# Kingfish Setup?



## Rstanek (Nov 5, 2007)

After I buy my yak, I'm planning on adding to my (admittedly small) rod collection, so that I have a rod for most forms of kayak-based fishing in my area. I already have a 2-4kg flick stick and a 6-weight fly rod, and am going to get another cheap flick stick combo so I can have two out at one time (one for HB's. one for SP's). The other setup I plan to buy is an overhead combo, mainly for snapper and kings. However, having never done any of this kind of fishing before, I don't really know what I need :? .

I'll be fishing around all headlands on Sydney's Northern Beaches, particularly Barrenjoey Headland, the stretch from South Palm Beach to The Ovens south of Whale Beach and Long Reef. In truth I'll be happy to get ANYTHING  , but like I said, I'll be aiming for kings and snapper on bait, HB's and plastics. I went into Kmart the other day and I had a browse, eventually planning an outfit that I think might be appropriate, It consists of;

A 6-8 kg Penn Powerstick.
An Abu Garcia 6000 (or maybe 6600?) overhead reel.
20lb braid.

As you can see, I'm trying to keep it cheap, and I will wait until they have a fishing and camping sale, but does this look OK? Is the rod a bit light? Should the braid be heavier in case I hook something serious? Does anyone have any other options?

I really have no idea, and I'm only vaguely going off what I've read in trip reports and the Tackle Talk section&#8230;

Cheers in advance,
Rowan.


----------



## KingsRule (Sep 14, 2005)

Gatesy, 4lb is possible on kings , even off a wharf 8)

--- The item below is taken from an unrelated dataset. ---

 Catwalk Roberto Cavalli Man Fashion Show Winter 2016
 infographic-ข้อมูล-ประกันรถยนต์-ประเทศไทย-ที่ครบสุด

But i think 30lb is a good mark, i use a TLD25 with 30lb and regularly get smoked, the powersticks are great value , aswell as the crystal tips from silstar (under $100) , i'd be going for a 10kg stick if your fishing rocky areas, provides the extra bit of grunt when you need it. Will you be using baits? , i find mono to be the best for kings for abrasion resistance reasons, might leave you with some extra $$ for the reel.

Rob


----------



## Rstanek (Nov 5, 2007)

Yeah, using baits, lures and plastics. If I go 30lb, should I get the 8-10 kg Powerstick?

Cheers,
Rowan.


----------



## Milt (Sep 2, 2005)

If your intending to keep the cost down go mono 30+ lb for more strech in the line and better abbrasion resistance, a leader of 50-60 lb's. Buy the best rod and reel you can afford so you don't waste your time out there loosing a good fish.

Milt,


----------



## Rstanek (Nov 5, 2007)

OK-

I looked on the Silstar website last night, and found that they have a 5'9 6-10kg boat rod. Is this an overhead rod? It looks pretty god, and is only around $55, but would it be a bit short?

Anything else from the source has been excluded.